About one-third of all cases of NSCLC present with locally advanced, stage IIIA/IIIB disease, most frequently with mediastinal node involvement (N2). Surgical resection was employed as ‘standard’ therapy for relatively less advanced ‘resectable’ cases with N2 NSCLC; however, the prognosis was not favourable (Suzuki et al, 1999). For more advanced, ‘bulky’ unresectable N2 disease, neither satisfactory local control nor satisfactory suppression of micrometastases was achieved with definitive thoracic radiotherapy (Schaake-Koning et al, 1992; Dillman et al, 1996).
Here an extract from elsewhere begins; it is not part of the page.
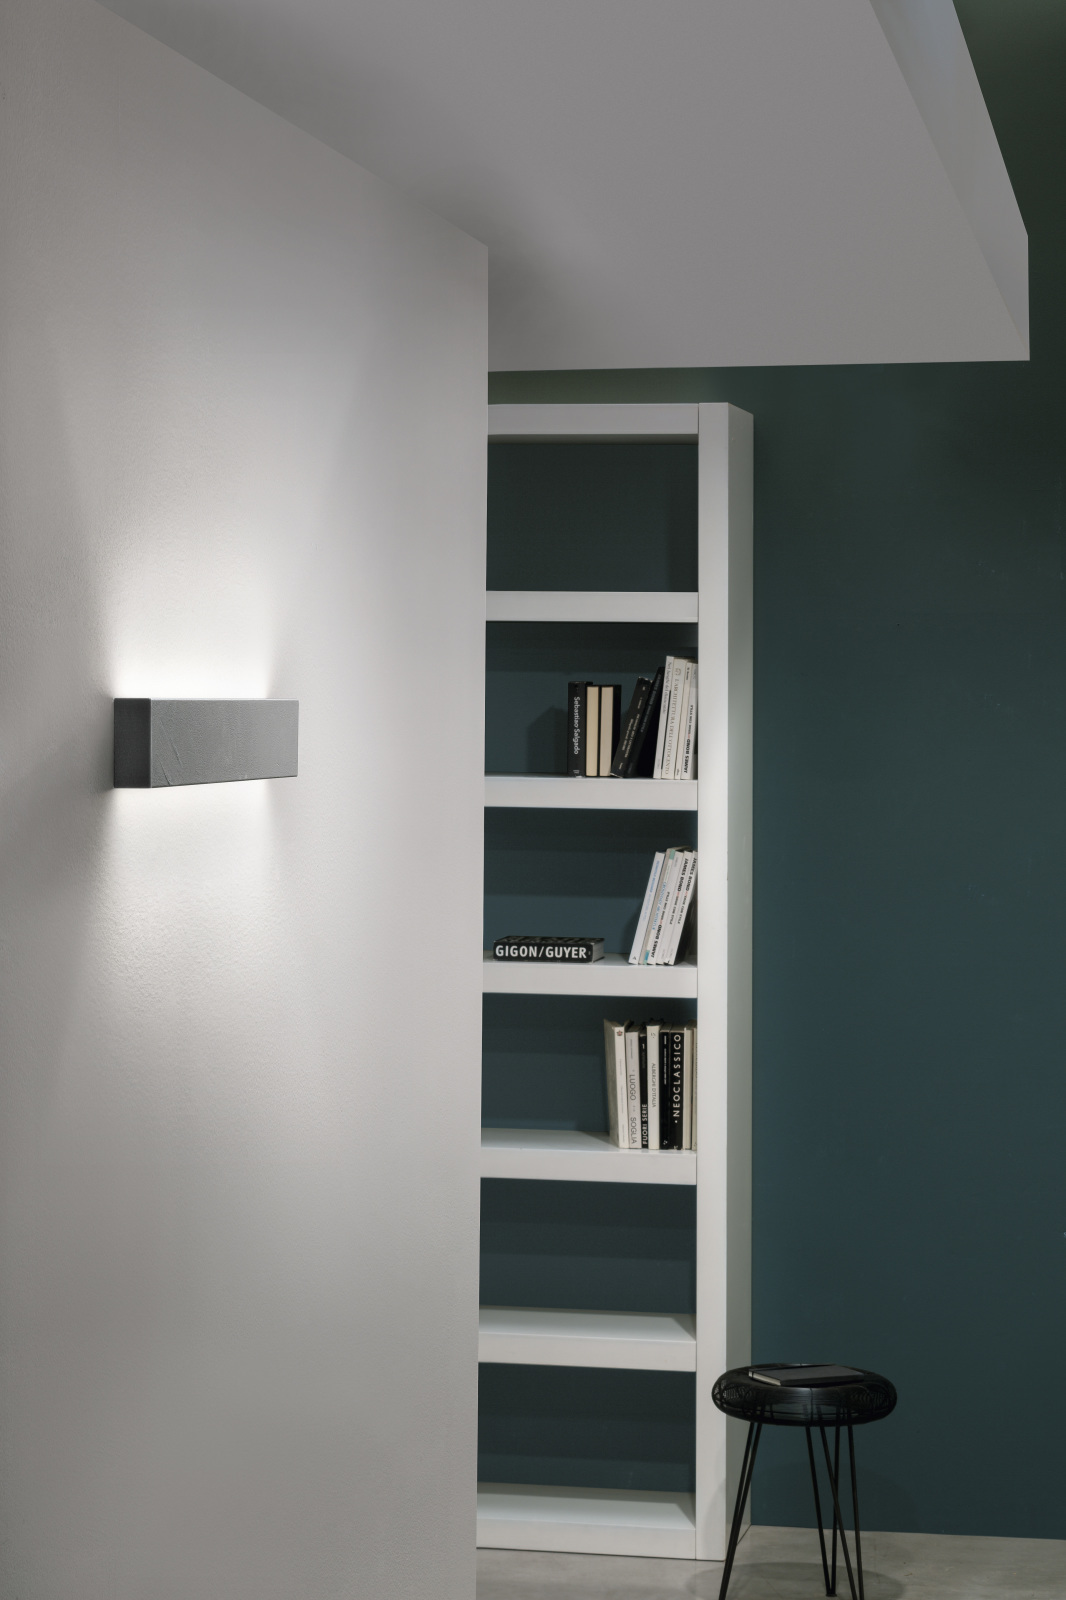 Linea Light Illuminazione.Wall Lights Box W2 Linea Light Group

Systemic chemotherapy was introduced two decades ago for cases with stage III N2 NSCLC (Le Chevalier et al, 1991; Schaake-Koning et al, 1992; Sause et al, 1995; Dillman et al, 1996), aimed at both eradication of micrometastases and improvement of local control. A multimodality approach to treatment, for example, systemic chemotherapy combined with definitive local therapy, is now the most preferred approach in the battle against stage III NSCLC. In particular, trimodality therapy, combining surgery, radiotherapy and chemotherapy, has been intensively investigated often with promising results. The sequence of ‘trimodality’ therapy that has most often been employed is induction chemoradiotherapy, followed by surgical resection, with or without consolidation chemotherapy. Although such therapy has sometimes been shown to be highly effective, it is also highly toxic, with a reported treatment-related death rate of as high as 10%. Careful evaluation of the risk/benefit ratio of such therapy is thus indispensable.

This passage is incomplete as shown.